==== MATERIAL PROVIDED

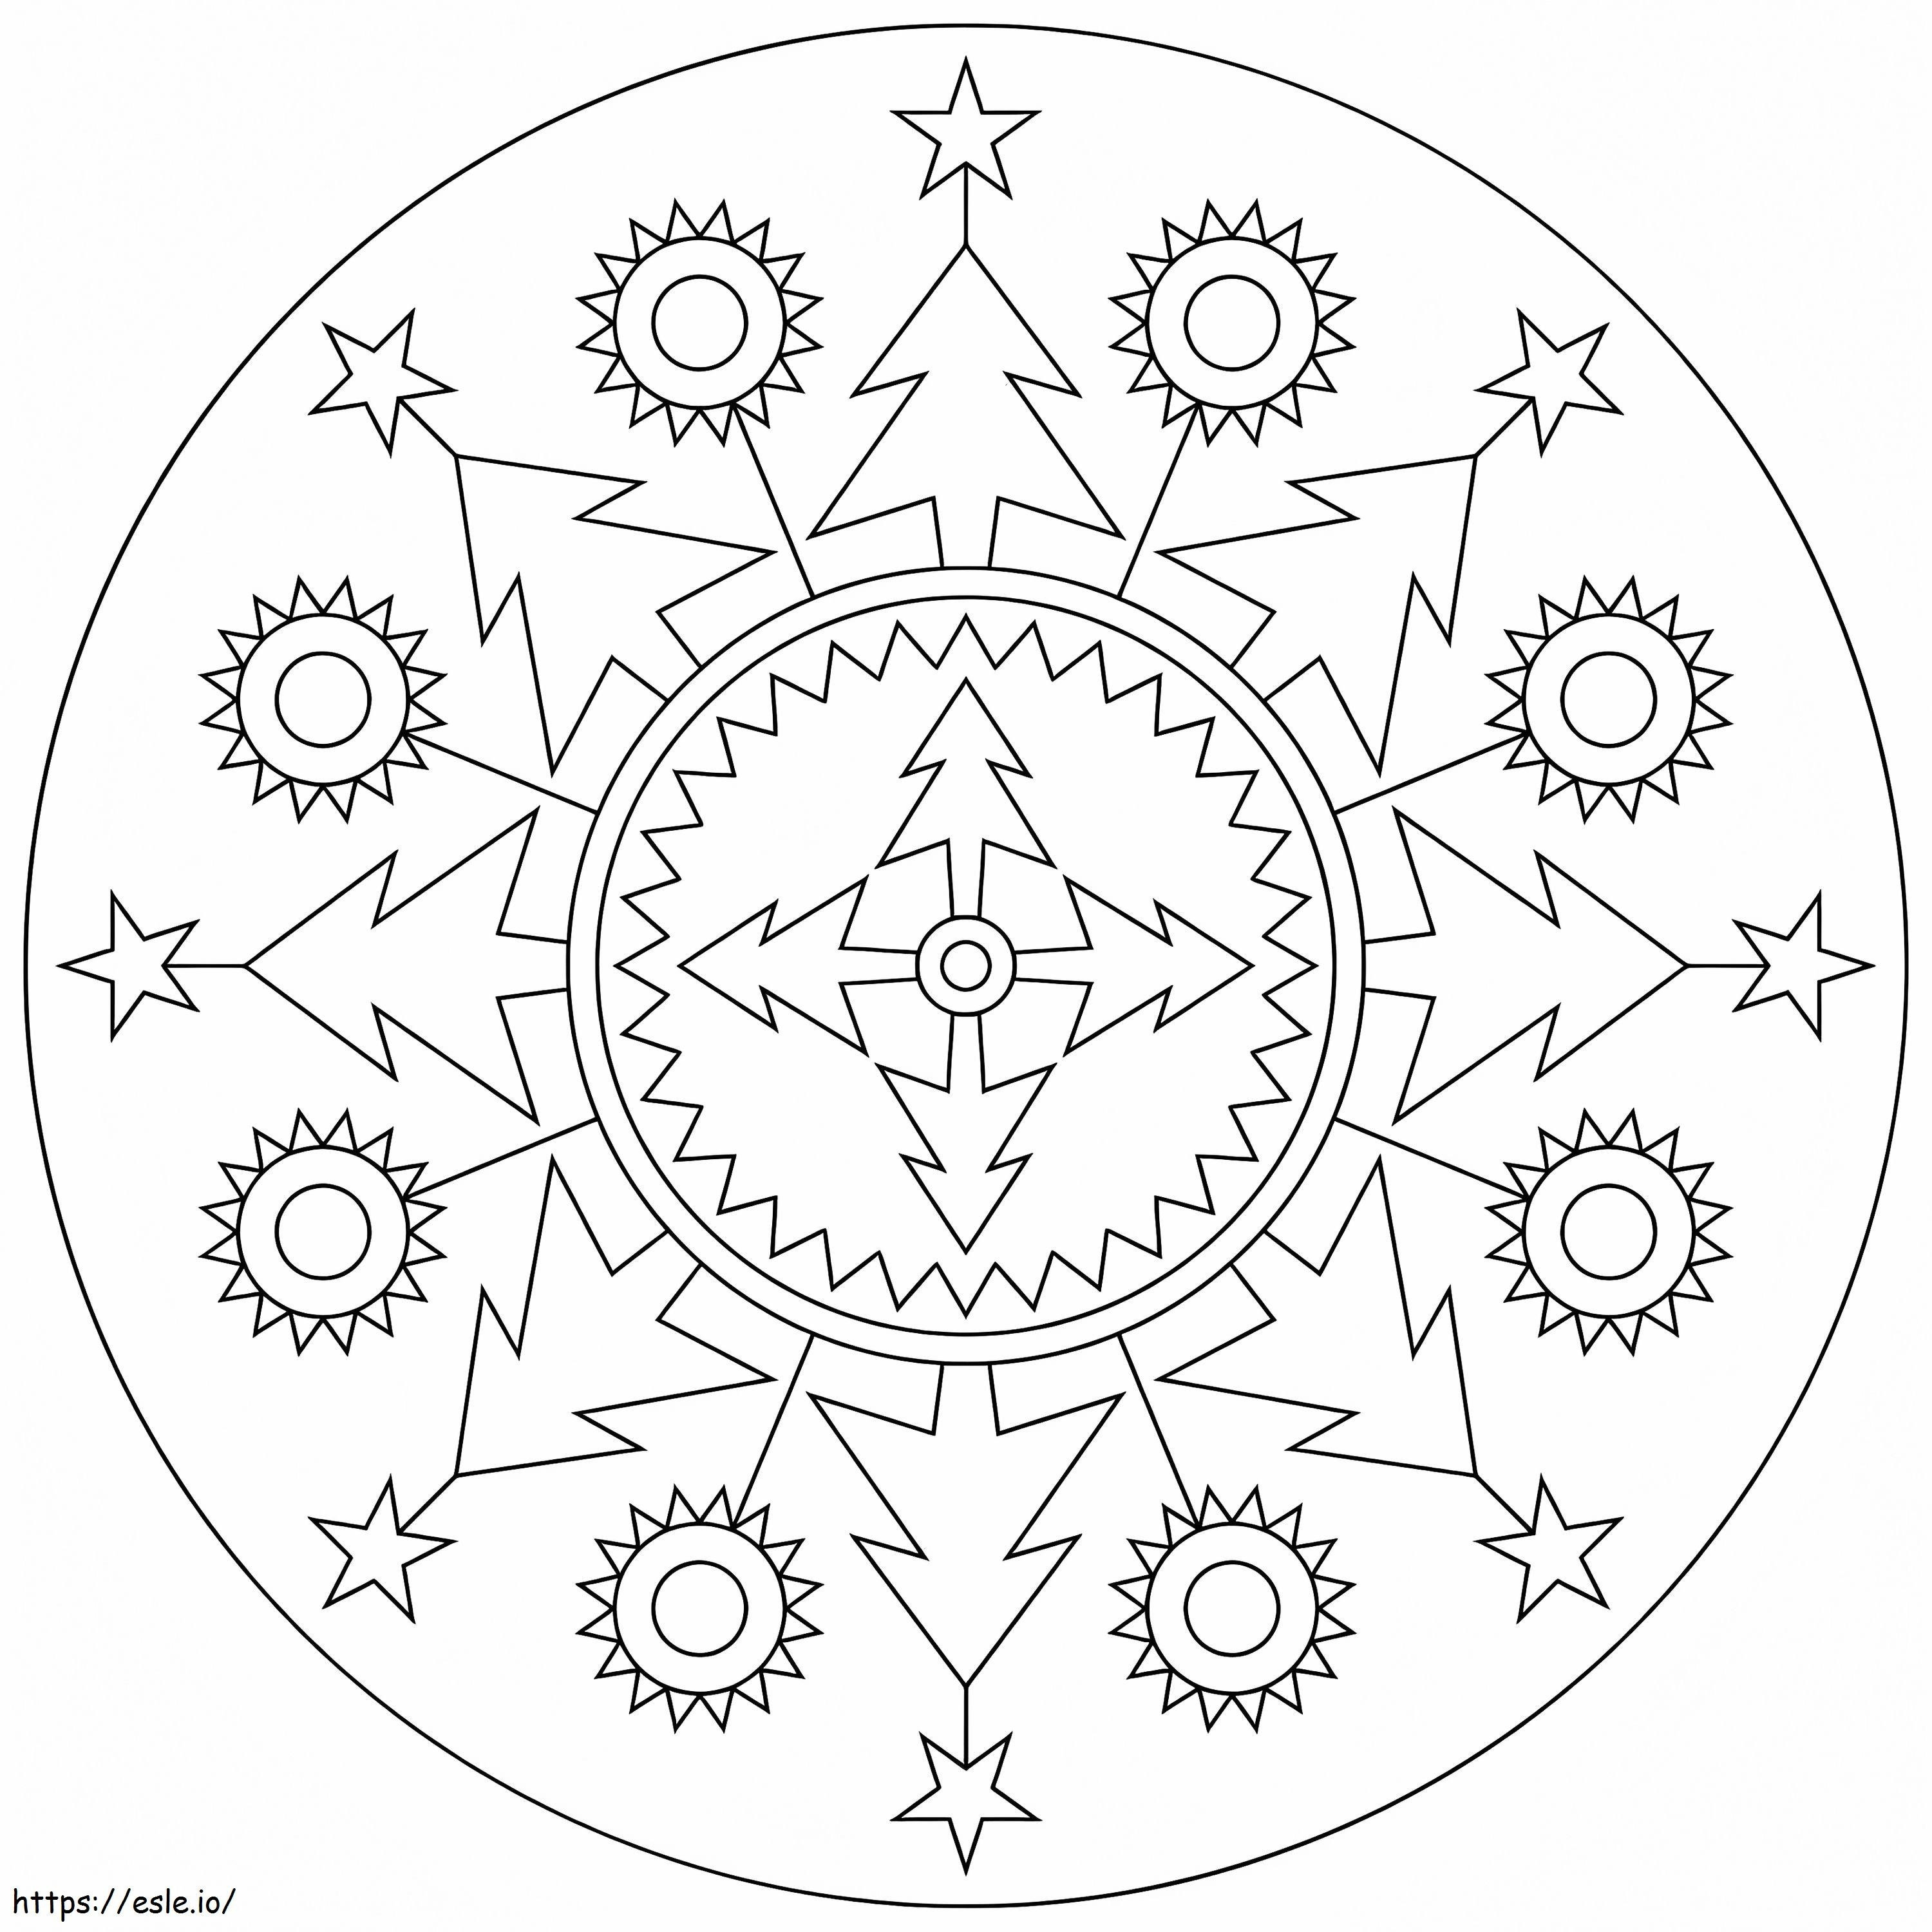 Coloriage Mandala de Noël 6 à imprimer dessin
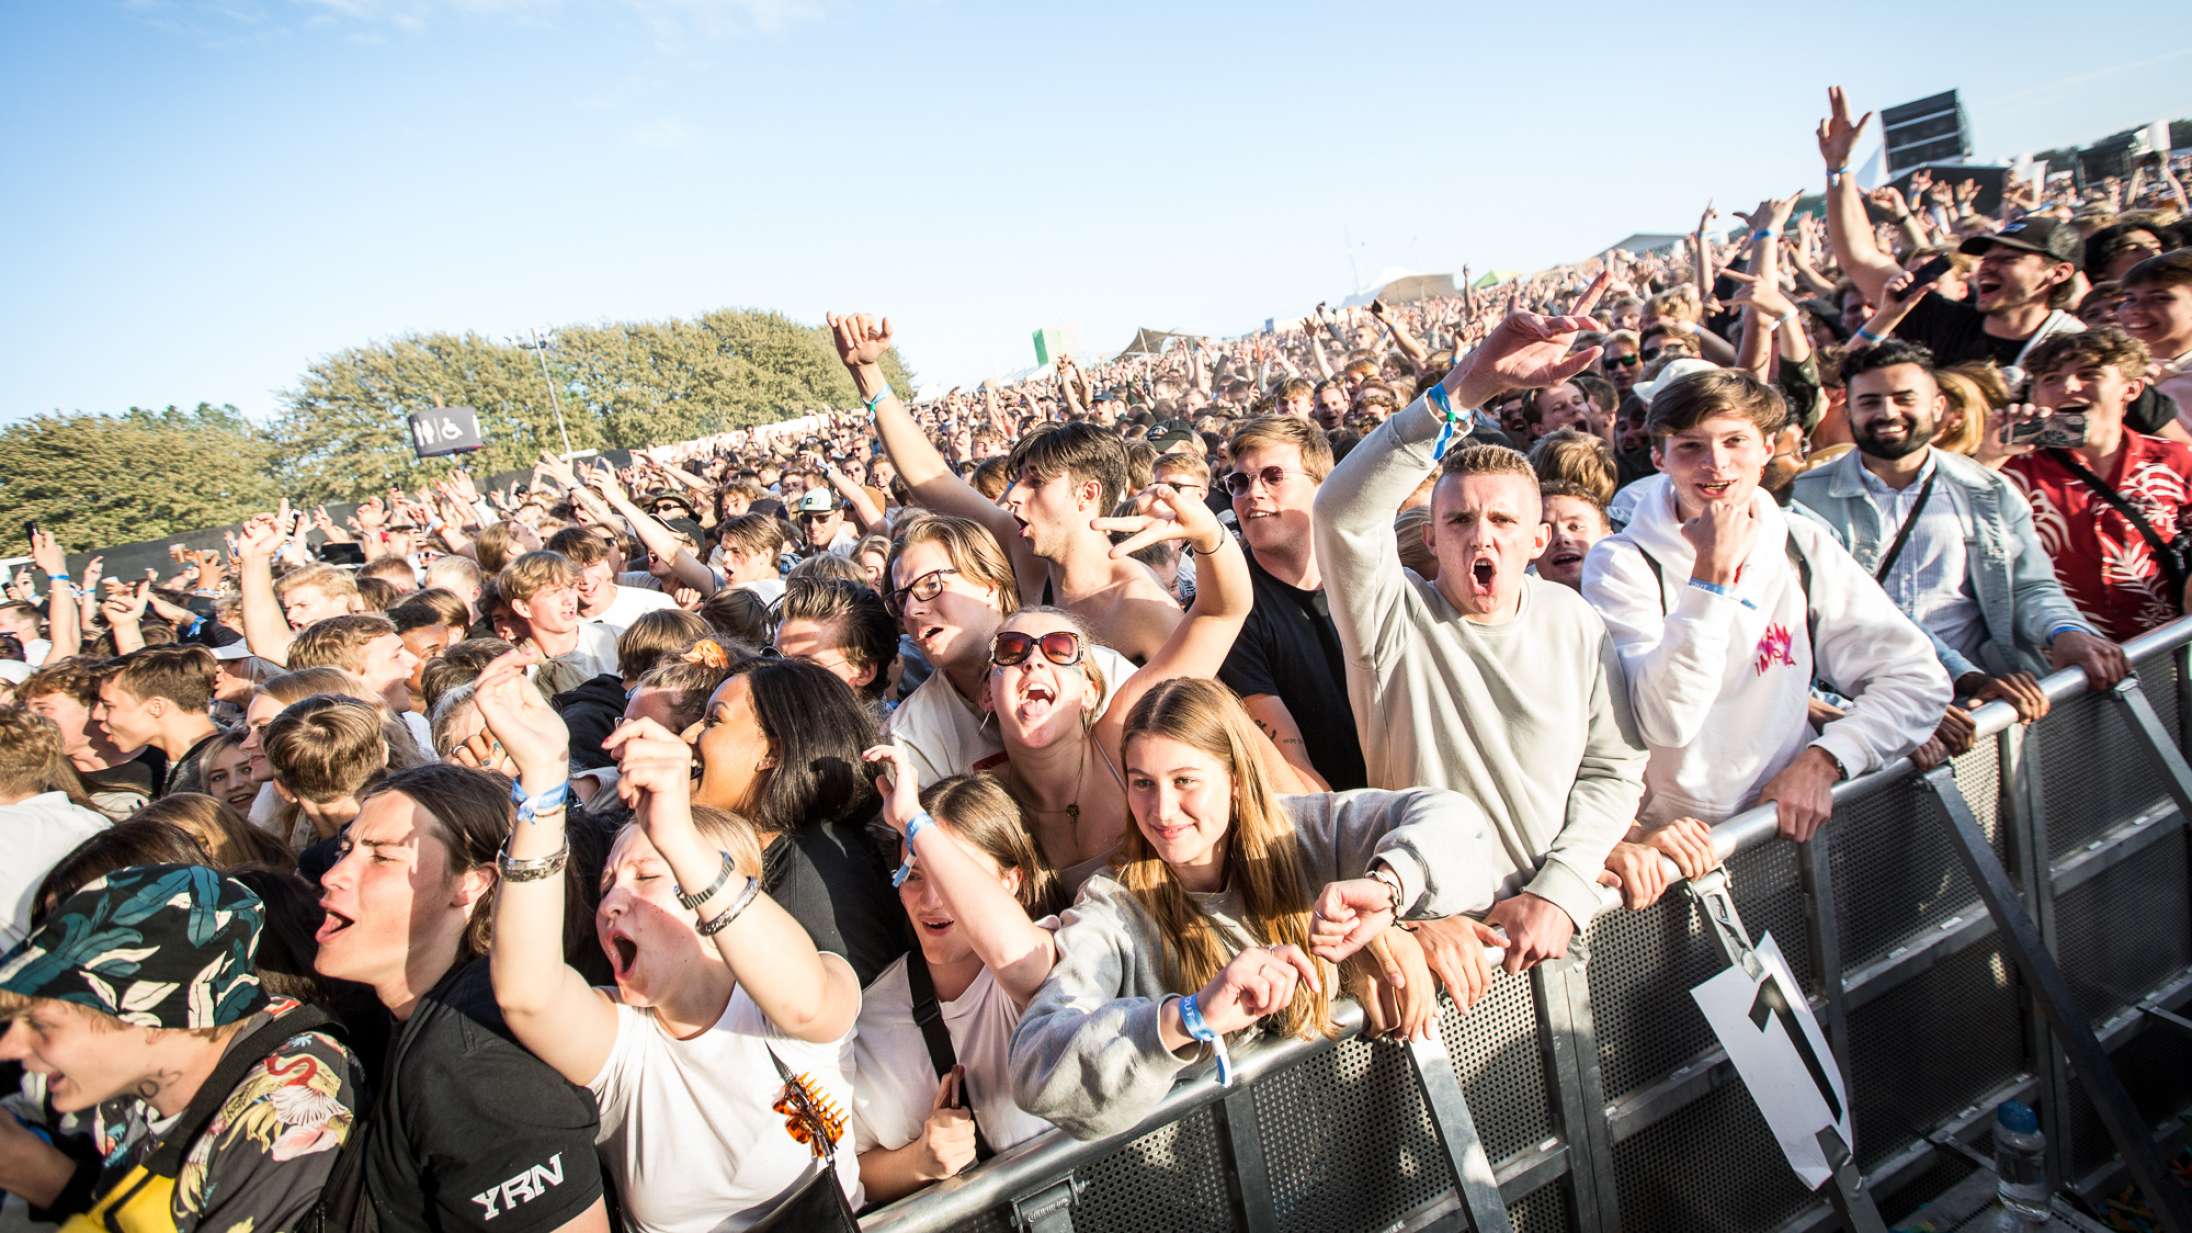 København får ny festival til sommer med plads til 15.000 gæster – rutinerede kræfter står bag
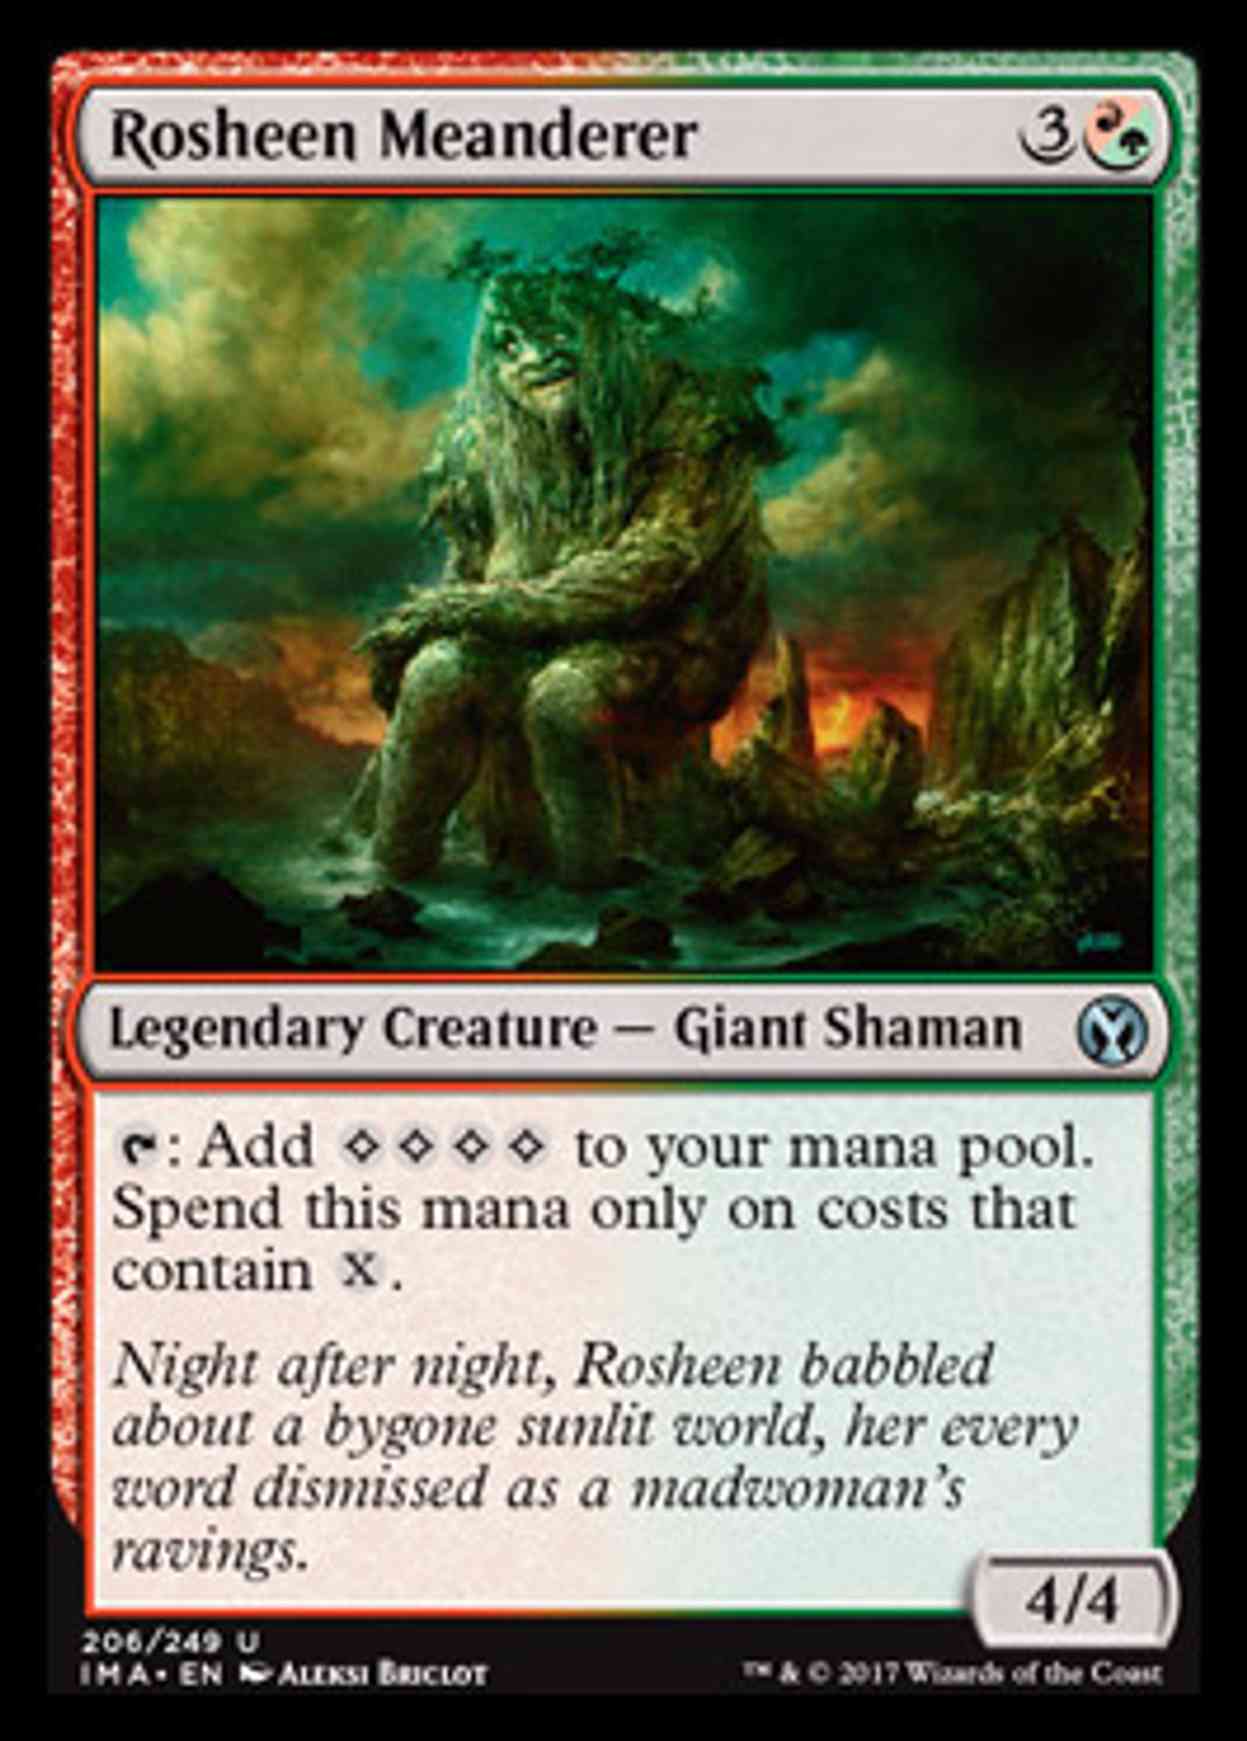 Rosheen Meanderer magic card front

========

◆ TO DO: Set down all of the material word for word, but keep each picture out.

◆ RESPONSE BELOW:
 Coloriage Mandala de Noël 6 à imprimer dessin
 København får ny festival til sommer med plads til 15.000 gæster – rutinerede kræfter står bag
 Rosheen Meanderer magic card front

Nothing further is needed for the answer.